As a kind of science fiction interlude here, we might consider the fact of how fast the church would grow if somewhere near the 73 million abortions that occur every year were converted into live births and those children were taken care of by people who actually value human life. The church HQ itself, or even a large group of church members acting separately from the central church organization, are obviously not in a position to do that entire project tomorrow, but I think it could be started and then quickly scaled up to eventually make it a $100 billion annual project, serving perhaps 1 million children. I expect that the “ripple effect” of doing such a uniquely Christian activity as rescuing unwanted children on any significant scale, perhaps starting with a project that could serve 20,000 children, would multiply the social effect worldwide perhaps 100 times, as far as improving the nature of our worldwide society.
I assume that we have the resources in Utah Valley, the most “Mormon” place in the world, to take on significant projects such as this. We would have to assume that the church headquarters would want nothing to do with this sort of thing, at least at the beginning, so a separate group of people would have to be the charity “entrepreneurs.” Later, the Salt Lake City offices might get involved in some way.
You can read my charity project thoughts at
Any nation that sacrifices its unborn children has no future
Rediculous statement Jon, no nations are sacrificing children.
Kent, love the idea to do something. Sad that you set your project up as an eyeroll toward the Church, though. WE are “The Church” and have been commanded to do much good of our own free will and choice. So yay for working toward some solutions. We probably need thousands (or hundreds of thousands) more of these kinds of initiatives. In fact, if abortion discussions could turn more toward idea brainstorming, we’d probably help a lot more women and unborn babies. (Although I appreciated the points of the post.)
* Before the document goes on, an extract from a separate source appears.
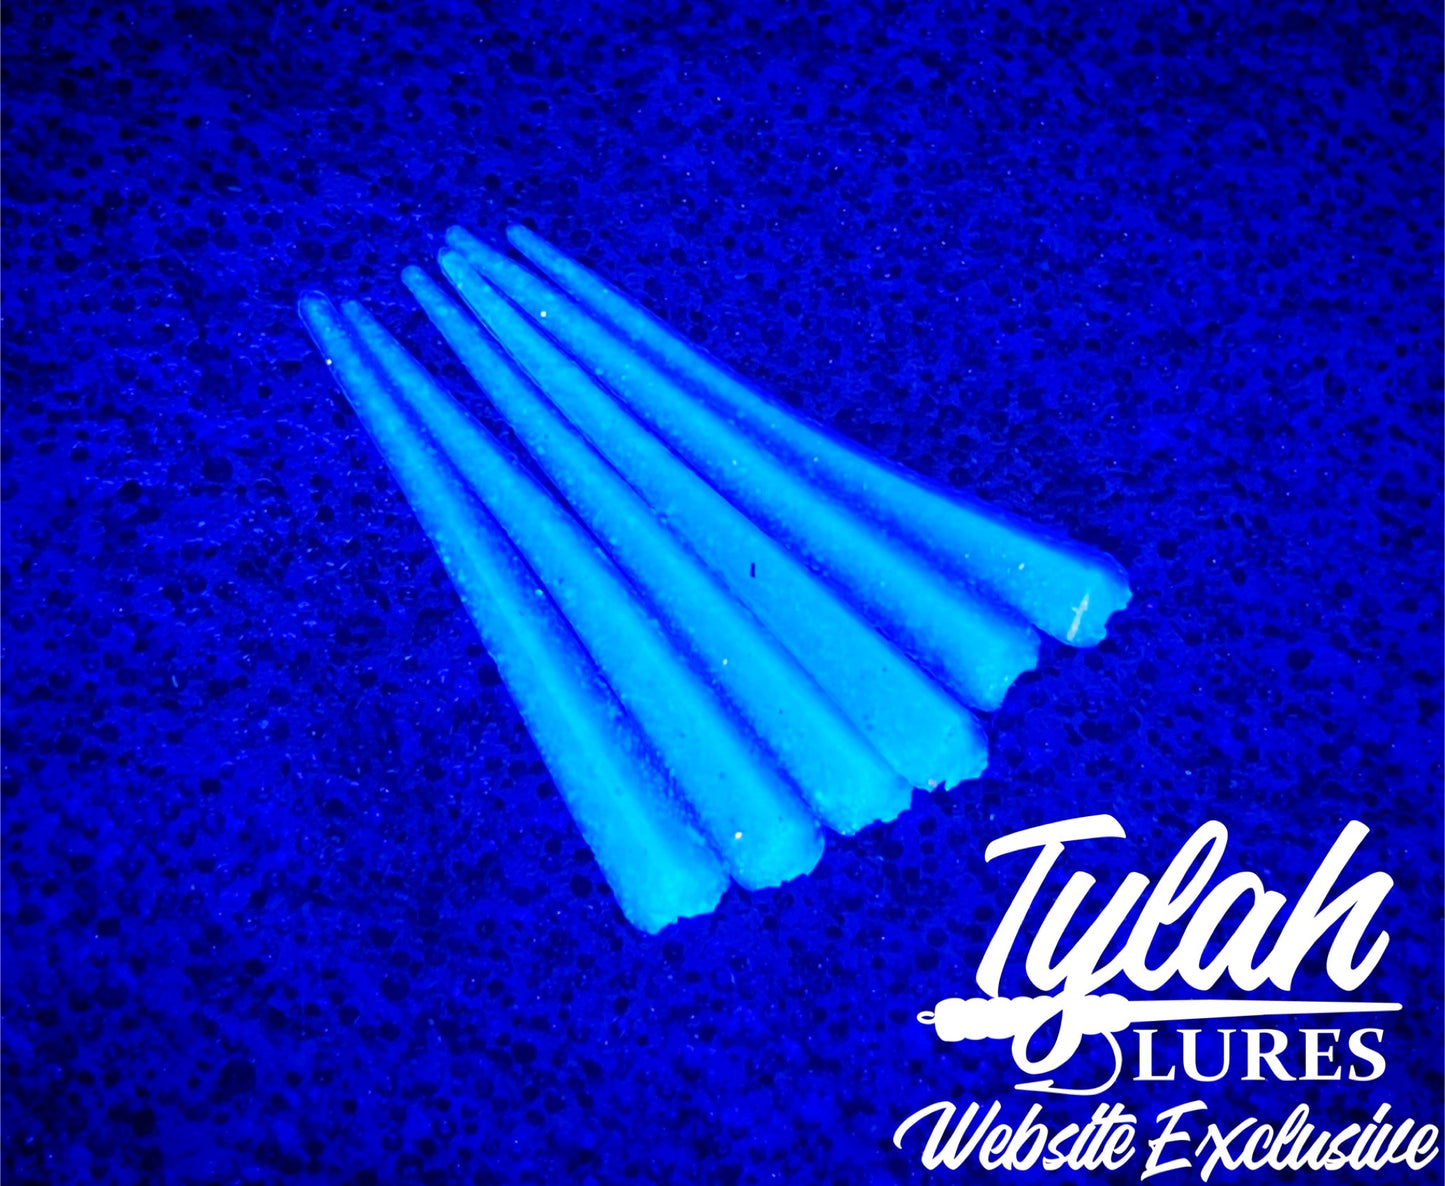 TylahLures Website Exclusive 1.5Inch Glow Half Strip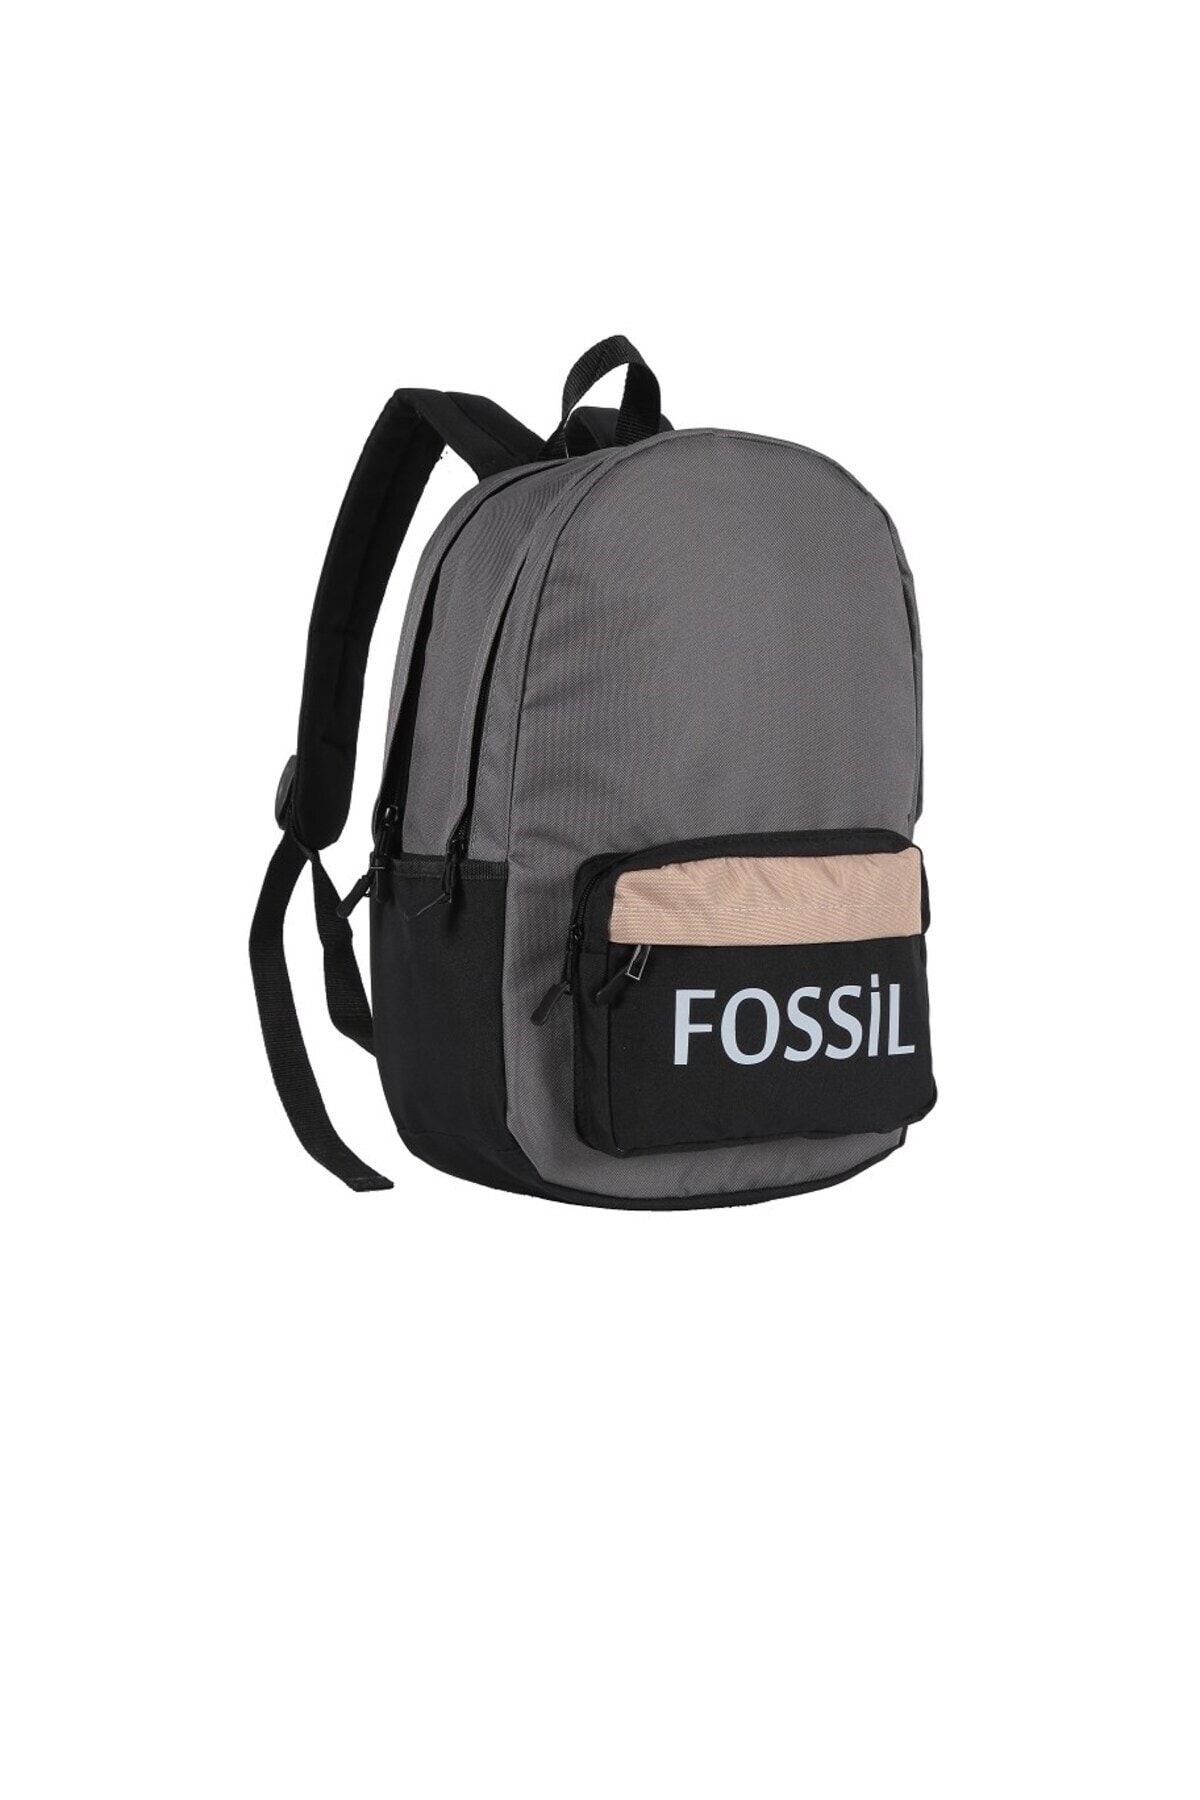 Fossil Sırt Çantası-9504-111

Might I recommend reaching out to someone like Merrilee Boyack, who is very connected, passionately engaged in civic affairs, deeply and fearlessly concerned about abortion (see her personal page and her main photo to get a sense), and has already been vocal about the importance of programs that can provide options to women.
But I would recommend going light on the “The Church is doing it wrong” rant. It takes away from the power of your pitch if you want to reach people like her. Let your idea stand on its own.
What do you think abortion is, a walk in the park?
It’s modern day child sacrifice.
Michelle, you offer some excellent comments. I will follow-up on your suggestions to contact the person you mentioned. I am sad about the church headquarters position on these topics. I actually took the trouble to ask and was told that the church would never get involved in initiating any of these projects, although later, after all the political and financial parameters were clear, they might contribute just as they might contribute to Catholic Relief Services as they do today. That near-total passivity does not match with my personal impulses on this and many other related matters.